Rambler, hillwalker, stravaiger and trespasser, access campaigner. Novelist writing historical and period crime fiction.


  1. The mindset of at least some members of the National Park Authority themselves, and their deference to the whim of certain landowners, is perfectly evident by consideration of some examples of their recent action. It may be argued that this demonstrates not just biased and flawed thinking, but action taken beyond powers of the authority to take – a somewhat contemptuous disregard of UK legislation.

    The National Parks and Access to the Countryside Act 1949, and amendment in the Environment Act 1995, gives two purposes that the National Park Authority might need reminding of as a statutory duty, ie; (1) “the understanding and enjoyment of the special qualities of Dartmoor National Park by the public”, and (2) “conserving and enhancing the natural beauty, wildlife and cultural heritage of Dartmoor National Park”.

    In recent times, NO CAMPING notices appeared at Foggintor near Princetown – an area where, according to the NPA own online camping map, wild-camping is lawfully permitted. An admission was made by the NPA that they knew of the signs and acknowledged that they were in place to appease the landowner. So much for the word of law then…

    In another similar example, signs were recently erected prohibiting the use of fires, BBQs, and camping stoves. There is very wide support indeed of a ‘no fires/no campfires’ prohibition on Dartmoor, and for good reason. There is also wide support for prohibition of BBQs, as their increased proliferation and use by inexperienced folk has been seen to cause moorland harm and wildfires. Some UK National Parks have recently banned their use as a consequence – but not Dartmoor NPA. The suggested prohibition of camping stoves however, again goes against the NPA’s own Byelaw that specifically permit use of such a stove whilst engaged in approved wild camping.
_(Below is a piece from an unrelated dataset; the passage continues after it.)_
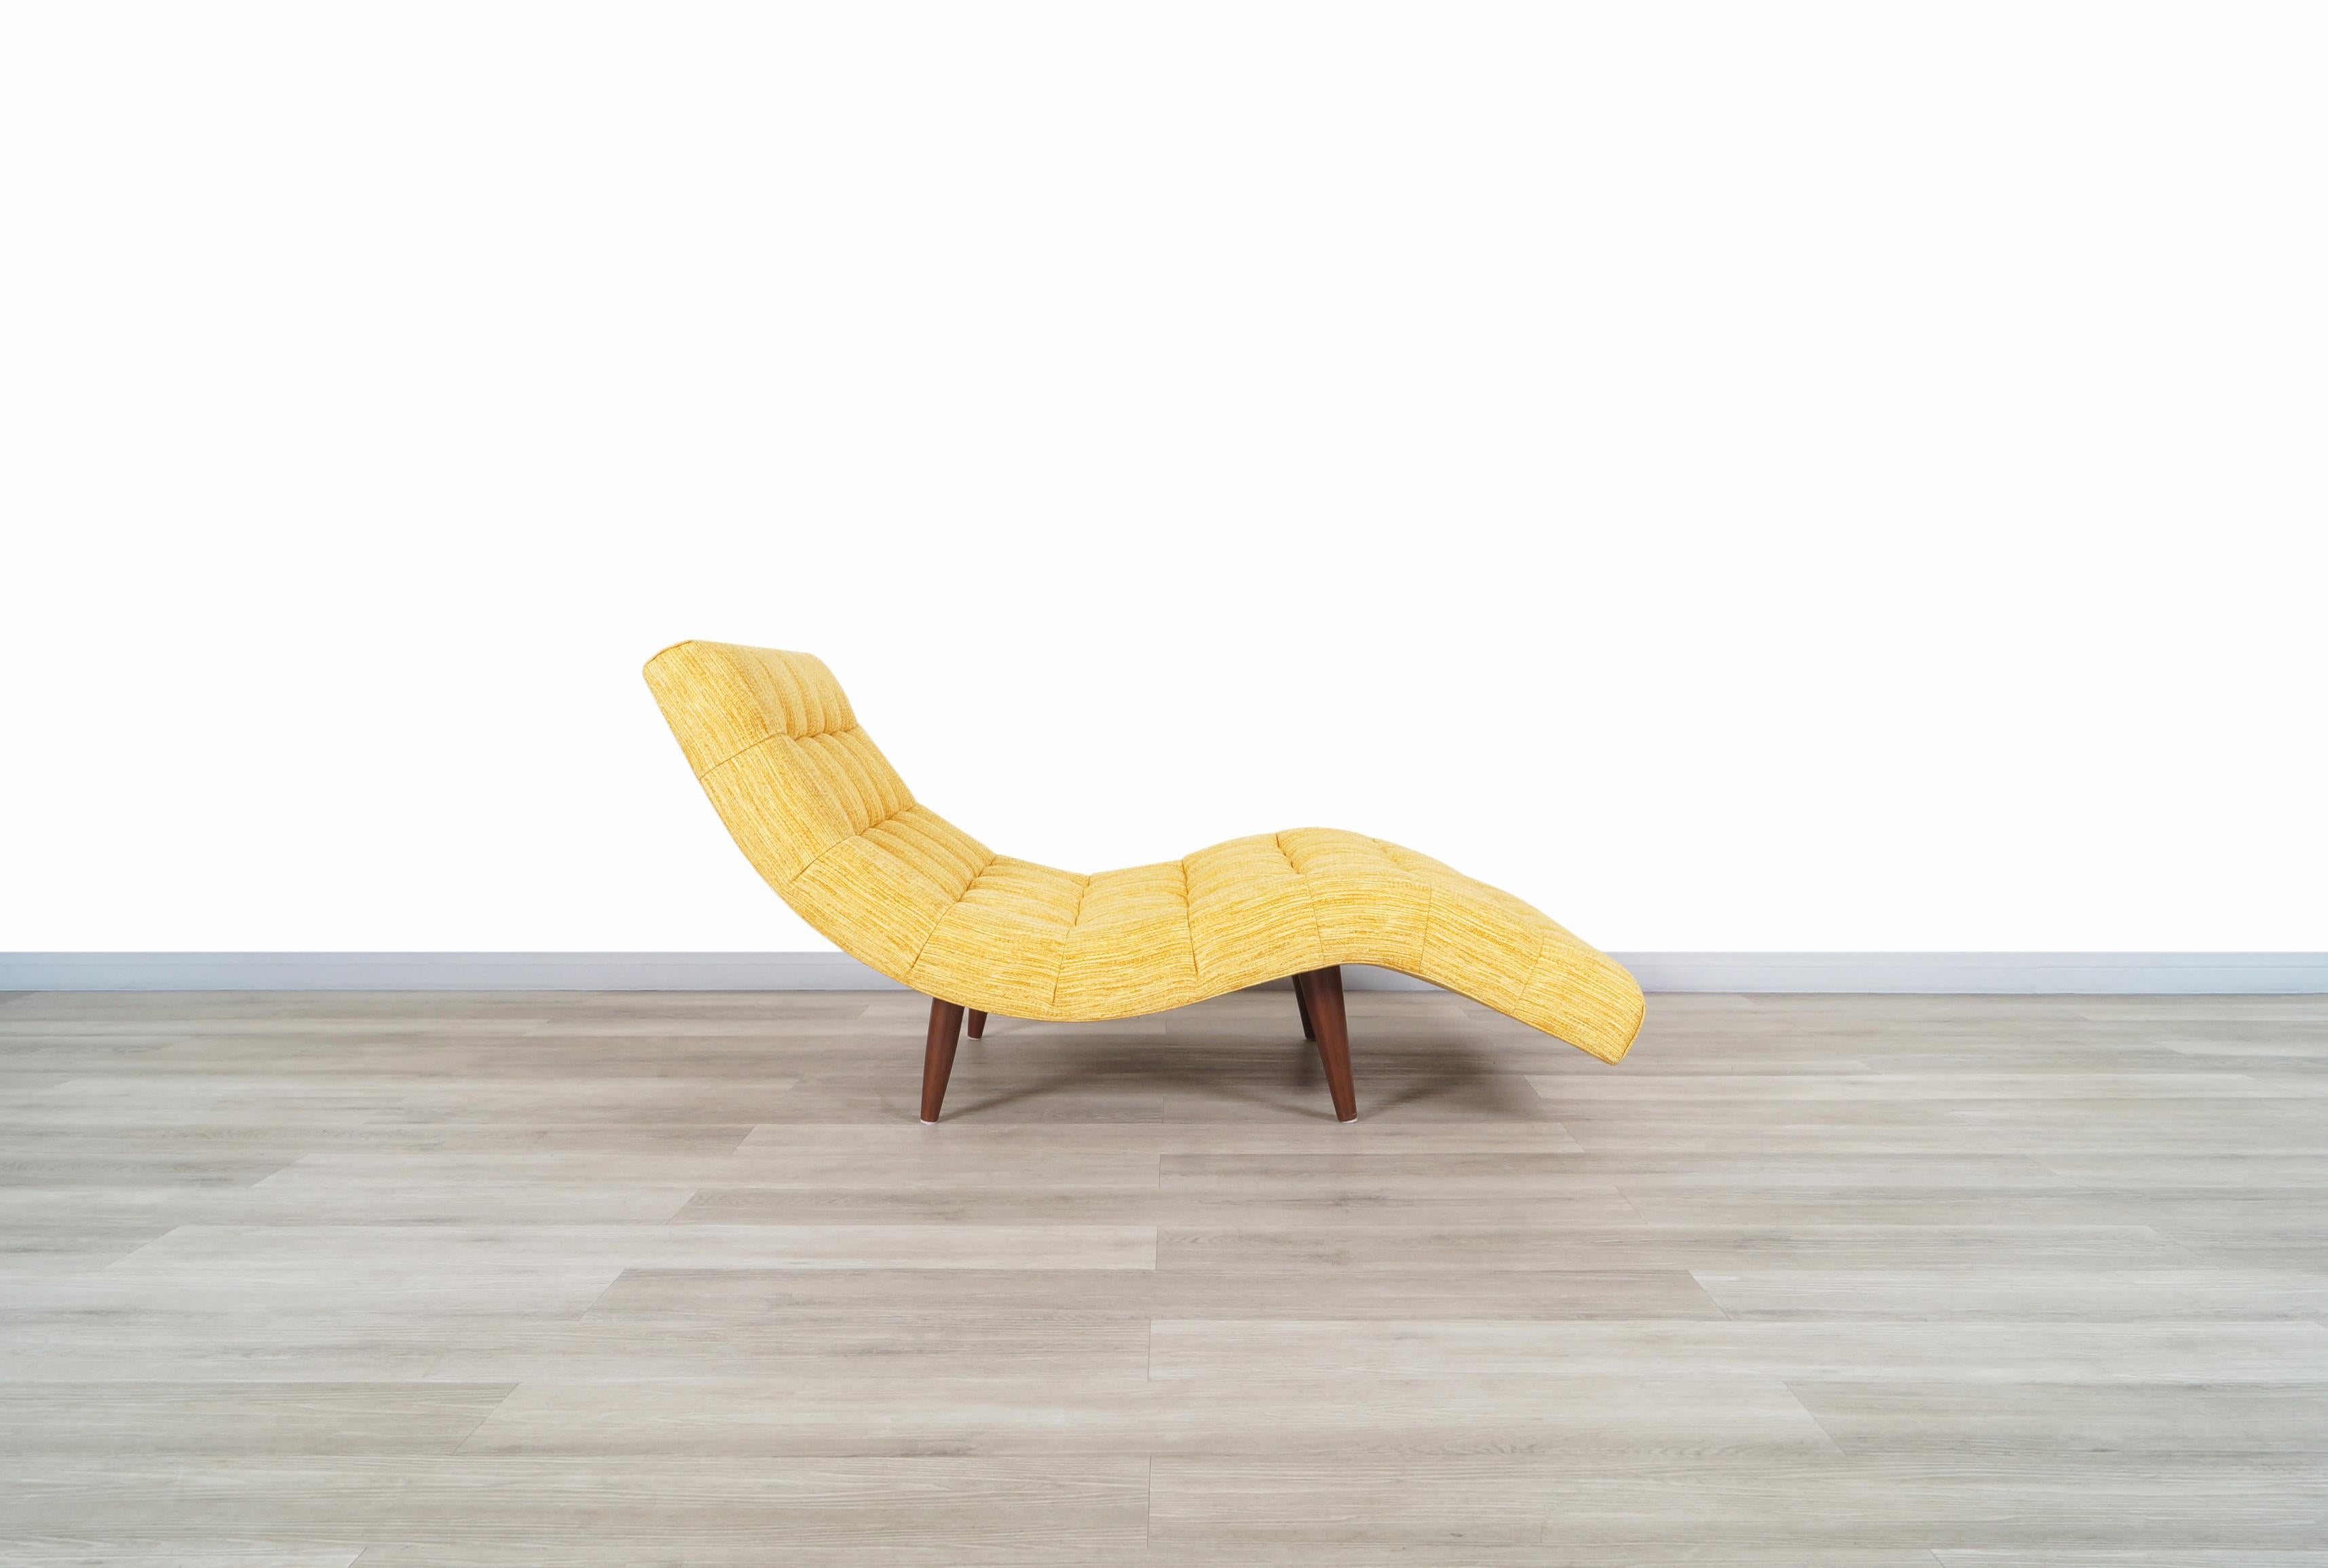 Stunning mid-century “Wave” chaise lounge chair designed by architect and furniture designer Adrian Pearsall for Craft Associates in United States, circa 1960s. This beautiful chaise lounge, also known as model 108-C, from the iconic Pearsall line

    Understandably, the Dartmoor wild-camping community regarded these actions as contradictory and quite rightly question the mindset , intent, and reason for all this both on grounds of common sense and statutory duty of the National Park Authority. Yes, Foggintor has seen use of fires/campfires by casual campers unaware of their prohibition, but what mindset brings erection of blanket ‘no camping’ signs that affect all including the innocent, rather than has NO FIRES/CAMPFIRES signs erected to advise the unknowing instead? A wish to appease a landowner does not, so far as I am aware, entitle anyone to disregard law. Nor do I see how any of this helps the public gain “understanding and enjoyment of the special qualities of Dartmoor National Park” – it prevents it!

    Similarly, the prohibition of fires/campfires makes sense on conservation grounds and is widely supported. Many would gladly see that prohibition applied to BBQs given increasing evidence of their being the cause of wildfires and other moorland harm – and yet in their proposed Byelaw changes the NPA specifically permit their use whilst other NPAs are banning them! No wonder some folk question how that helps in ” conserving and enhancing natural beauty, wildlife and cultural heritage…”.

    There’s scrambled thinking and flawed action evident here, and questions need to be asked of and answered by those responsible for it.

    Liked by 1 person

  2. But the point I am making is that the park are not using the existing bylaws so where’s the evidence that they will use the new ones except against the responsible campers. How many of the irresponsible did they actually prosecute last year


  3. I live in the same national park. I don’t recognise your ‘impression’ of the way things are. There has been a pandemic, the one single thing people were instructed to do was avoid other people and get fresh air and exercise.
    The immediate mindset of the DNPA was ‘get orf our land’ – but that’s the point, it’s our access land and OUR freedoms that are at risk. The park has done very little to use it’s existing powers, and the ones that they are proposing are the work of people with limited competence – a judicial review will bring this crashing down around their heads.